BEGIN Dataset entries

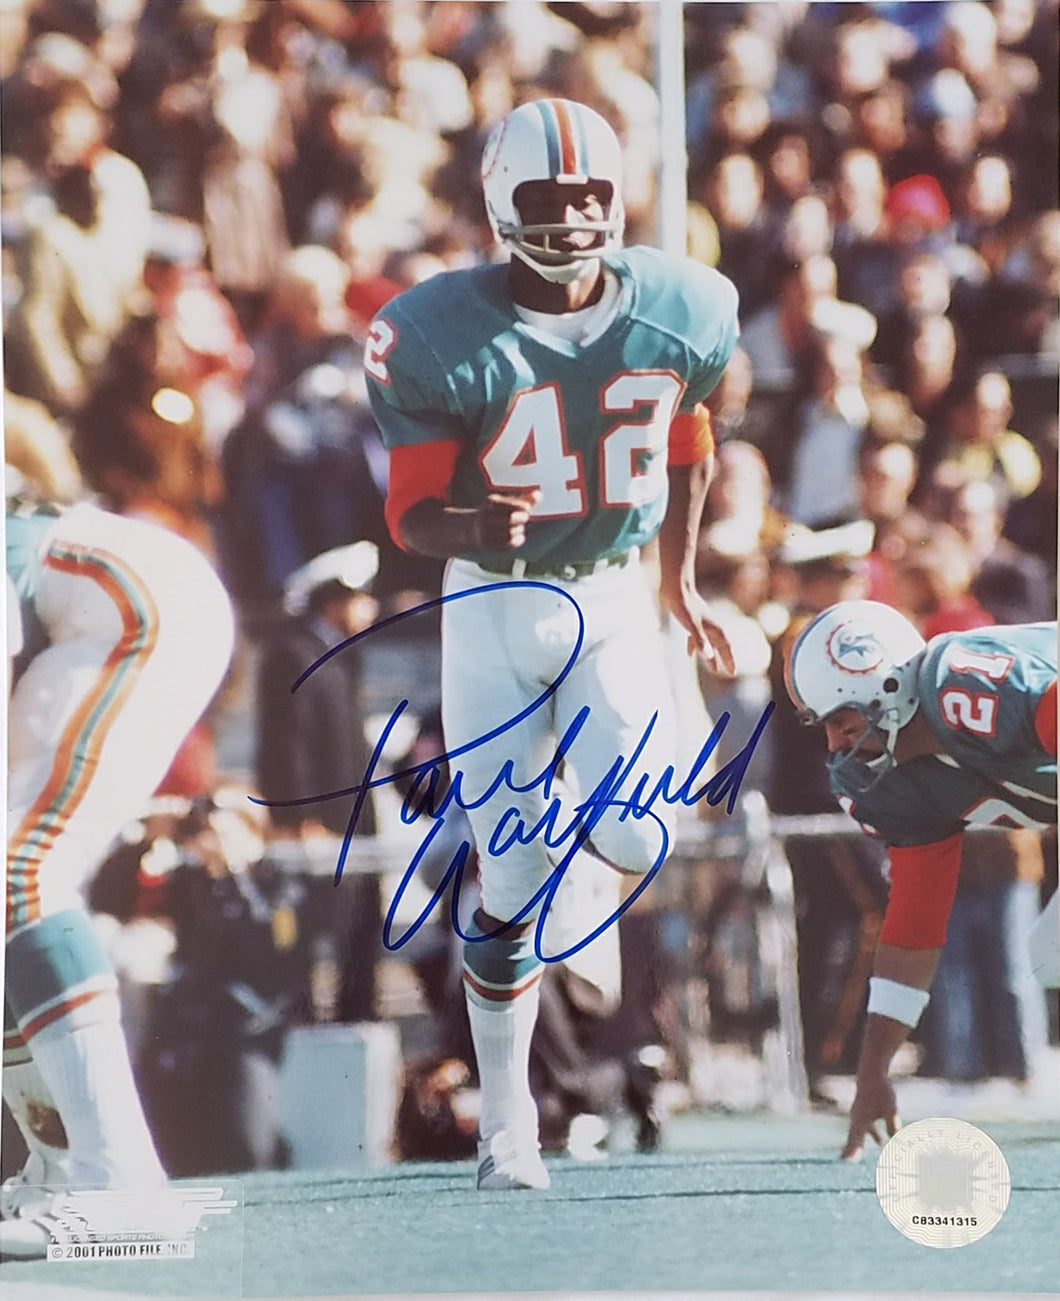 Paul Warfield Signed Autographed 8x10
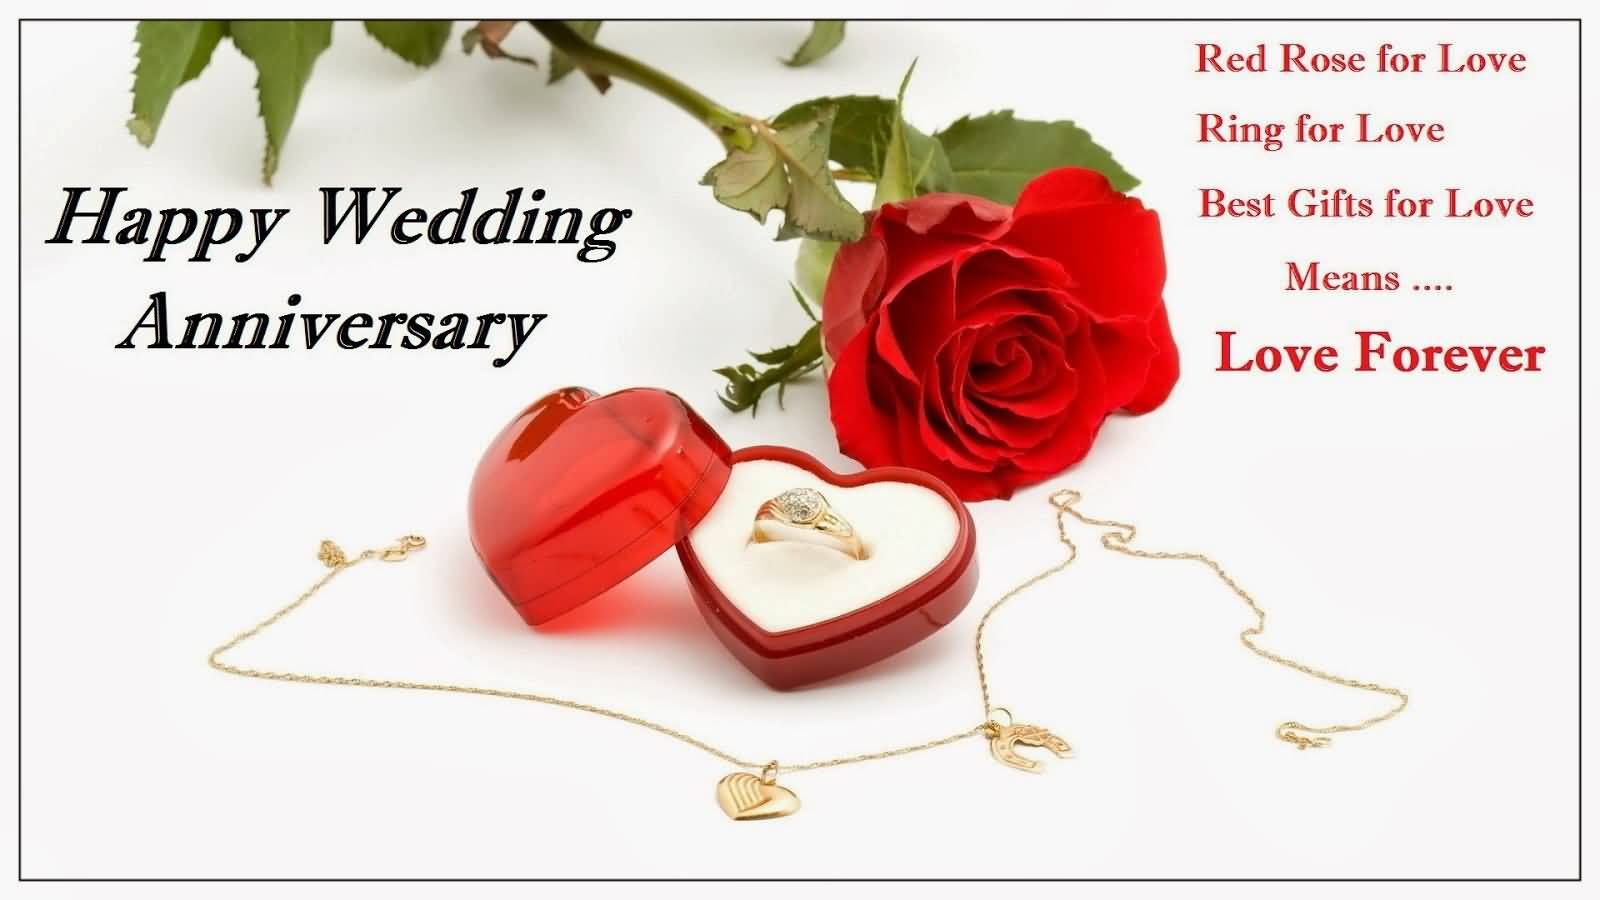 Wedding Wishes Images Free Download Happy Wedding Anniversary Red
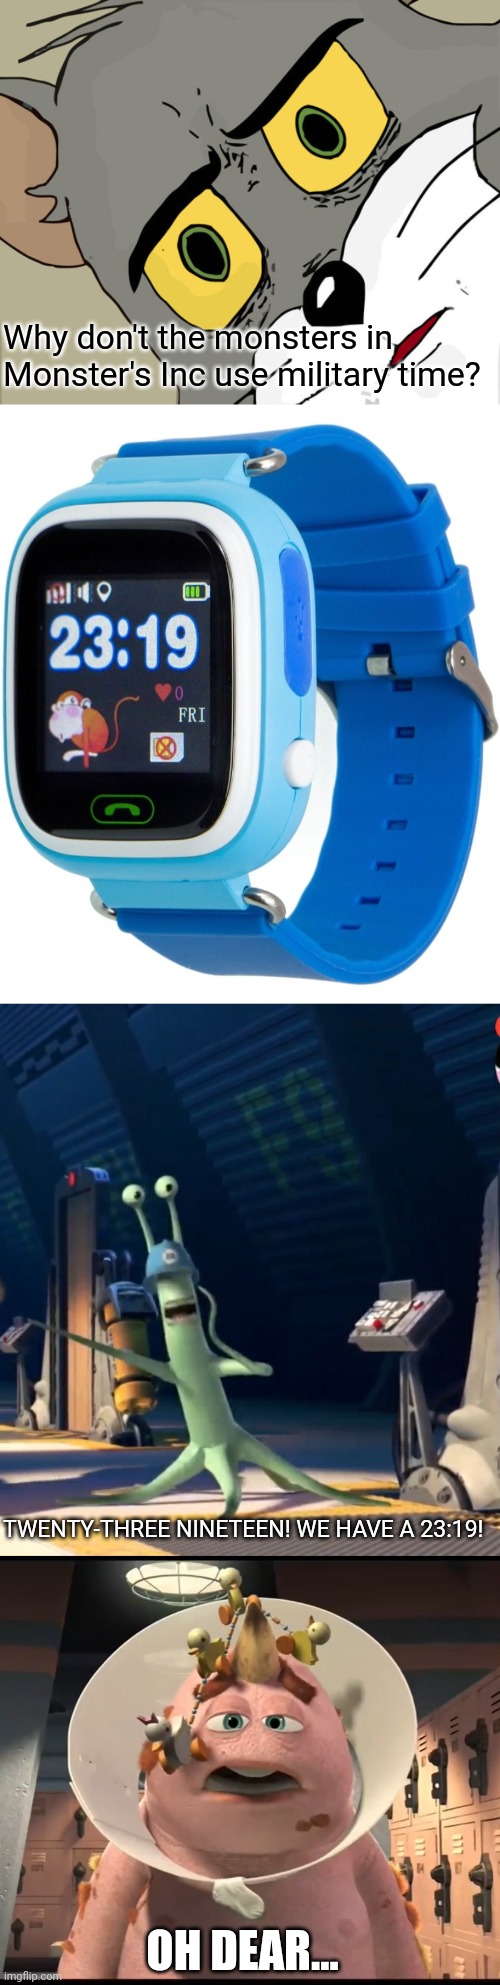 This is what happens when your codes match times on a watch... | Why don't the monsters in Monster's Inc use military time? TWENTY-THREE NINETEEN! WE HAVE A 23:19! OH DEAR... | image tagged in memes,unsettled tom,monsters inc,2319,military time,24 hour clock | made w/ Imgflip meme maker
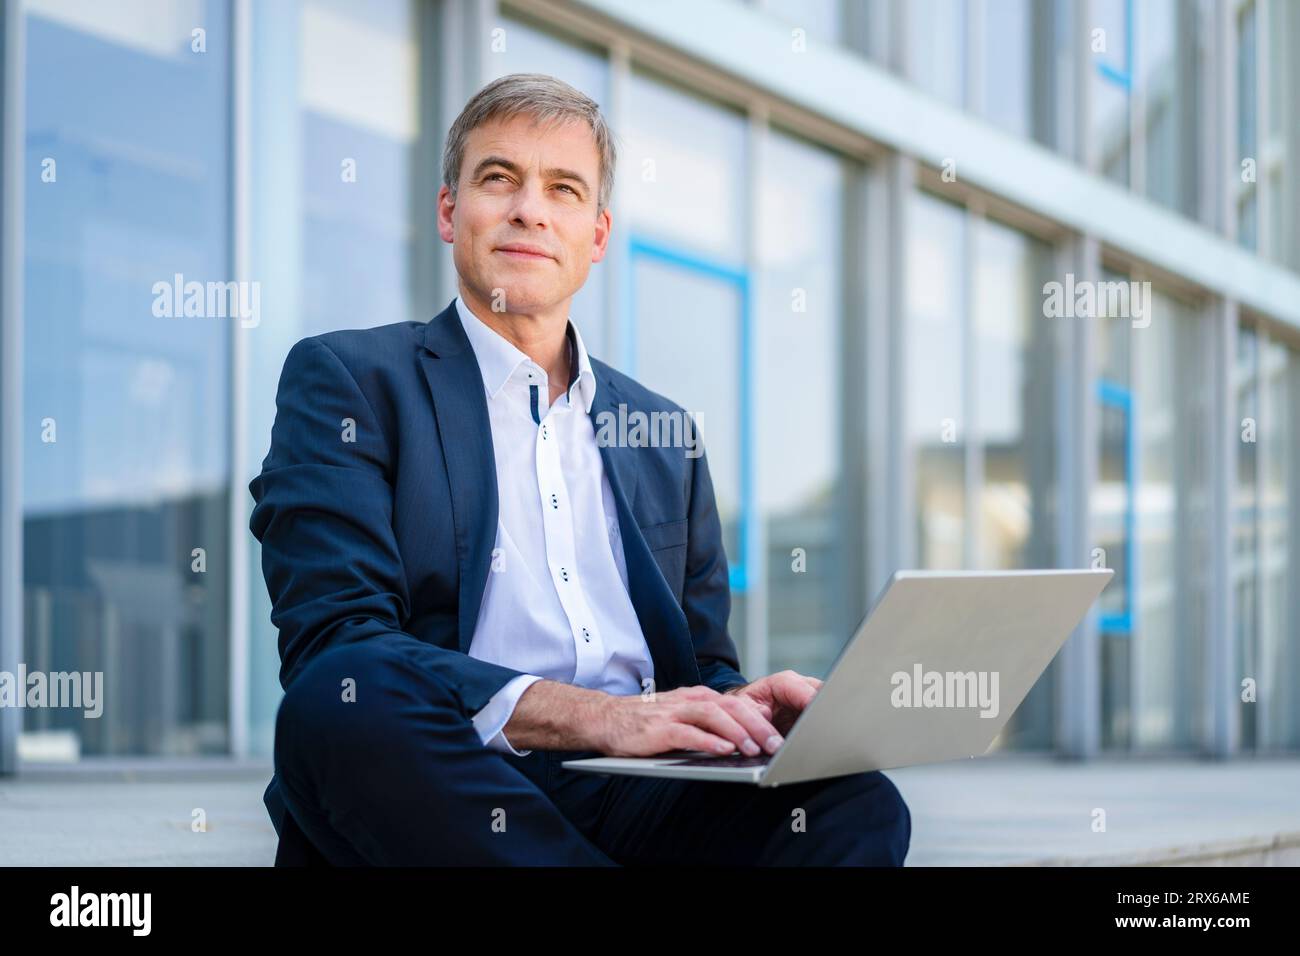 Businessman working on laptop sitting in front of office building Stock Photo
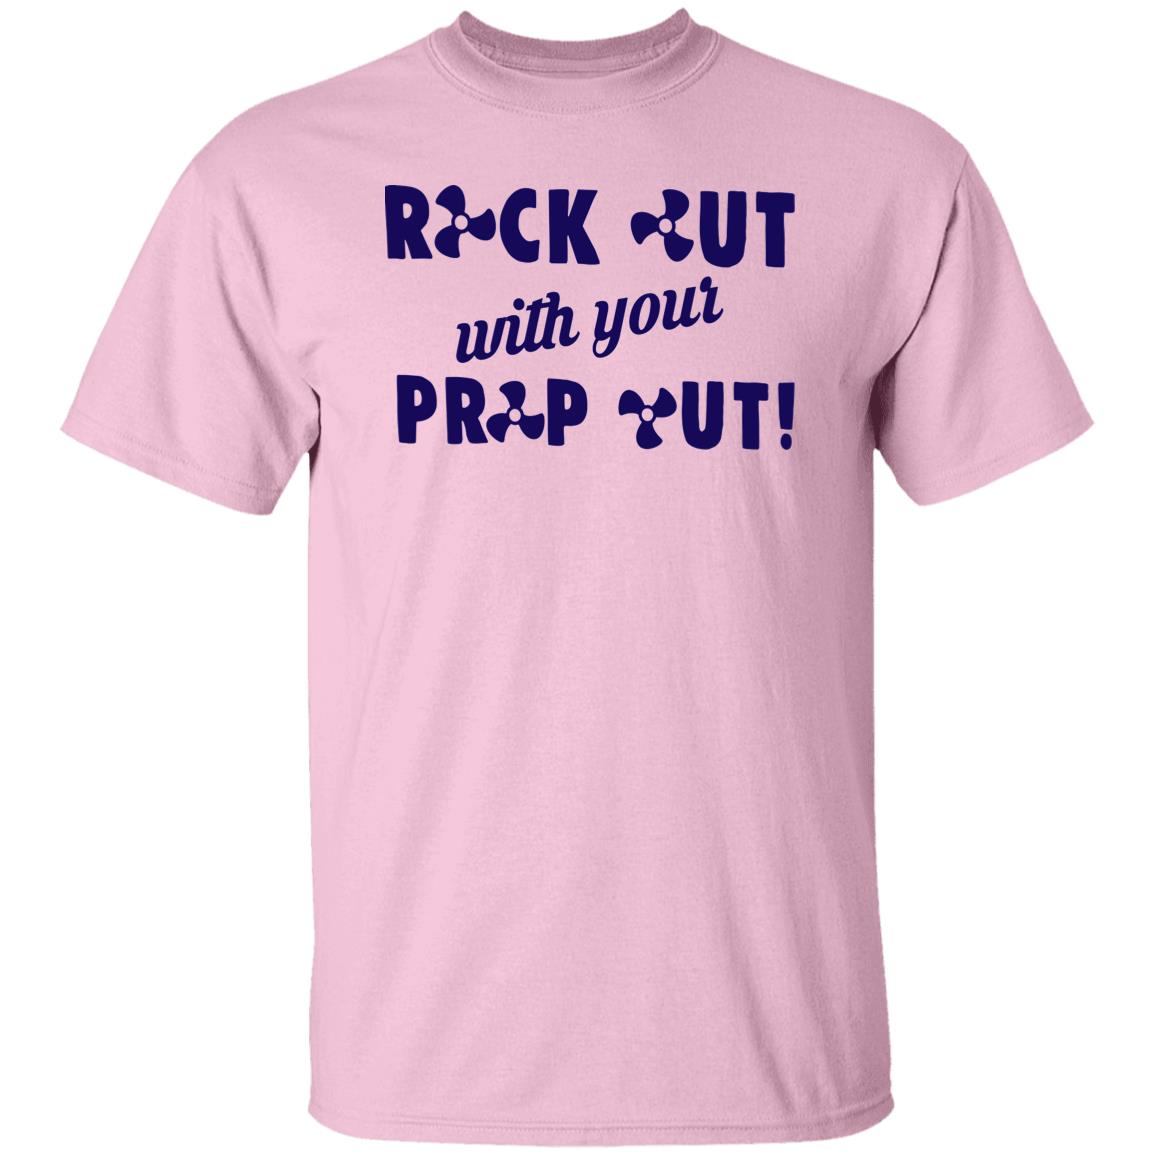 HRCL FL - Navy Rock Out with your Prop Out - 2 Sided G500 5.3 oz. T-Shirt

END Dataset entries

Exercise
A faithful copy of the data above is wanted, with every image left out.

Exercise response
 Paul Warfield Signed Autographed 8x10
 Wedding Wishes Images Free Download Happy Wedding Anniversary Red
 This is what happens when your codes match times on a watch... | Why don't the monsters in Monster's Inc use military time? TWENTY-THREE NINETEEN! WE HAVE A 23:19! OH DEAR... | image tagged in memes,unsettled tom,monsters inc,2319,military time,24 hour clock | made w/ Imgflip meme maker
 Businessman working on laptop sitting in front of office building Stock Photo
 HRCL FL - Navy Rock Out with your Prop Out - 2 Sided G500 5.3 oz. T-Shirt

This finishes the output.